I have a shell script with a syntax compatible to both bash and zsh, except for a section that has zsh specific syntax. that throws syntax errors if sourced from a bash
is there an easy way to escape such section when using bash.
The script is a bash function that sources all the files in a directory. it works fine form zsh (and it is irrelevant to the question)
#!/usr/bin/env bash
shell=$(ps -p $$ -oargs=)
if [ $shell = "bash" ]; then
for f in ~/.functions.d/*.sh; do source $f; done
elif [ $shell = "zsh" ]; then
for f (~/.functions.d/**/*.sh) source $f
fi
the error is produced by the 7th line, when sourcing it in bash
relevant links
The problem is that the entire if/elif/else statement is parsed as a unit, so it can't contain invalid syntax.
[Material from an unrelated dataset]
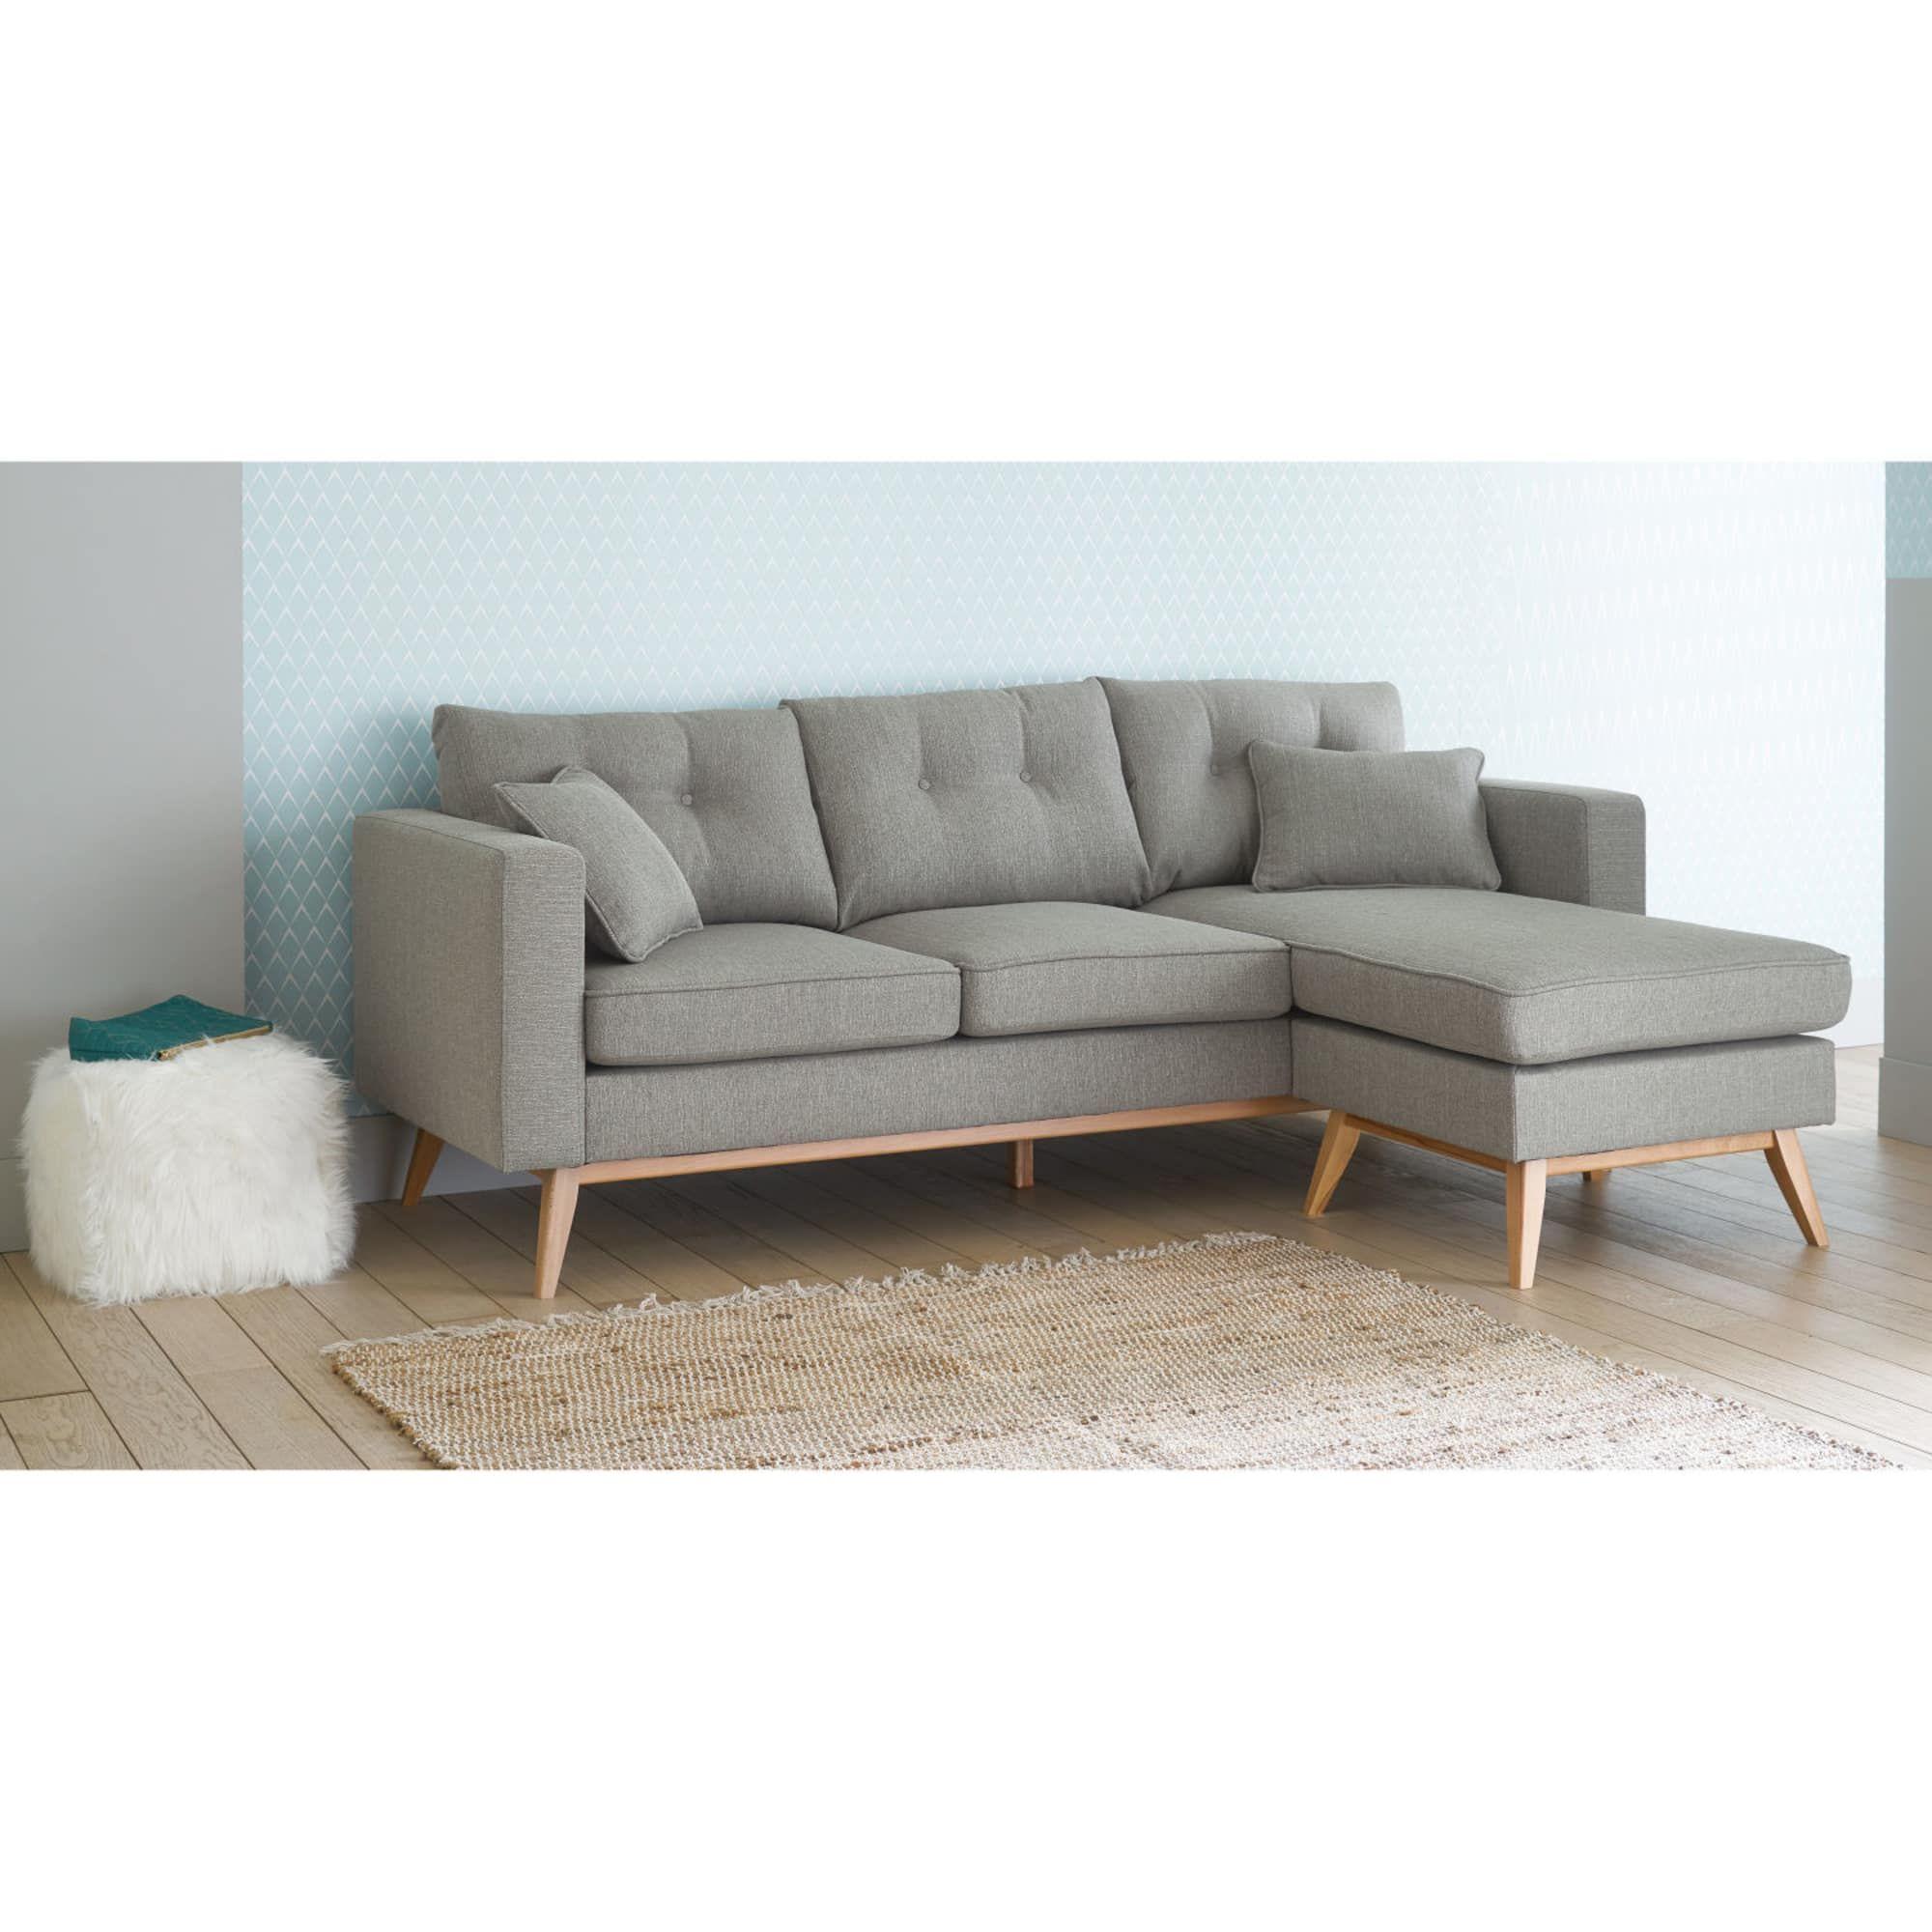 Seater Light Grey Modular Corner Sofa

What you could do is exit the sourced script before executing the zsh-specific code:
shell=$(ps -p $$ -oargs=)
if [ $shell = "bash" ]; then
for f in ~/.functions.d/*.sh; do source $f; done
return
fi
if [ $shell = "zsh" ]; then
for f (~/.functions.d/**/*.sh) source $f
fi
However, a more general solution is to extract the bash-specific and zsh-specific code into separate scripts.
shell=$(ps -p $$ -oargs=)
if [ $shell = "bash" ]; then
source load_functions.bash
fi
if [ $shell = "zsh" ]; then
source load_functions.zsh
fi
load_functions.bash would contain the first for loop, while load_functions.zsh would have the second one.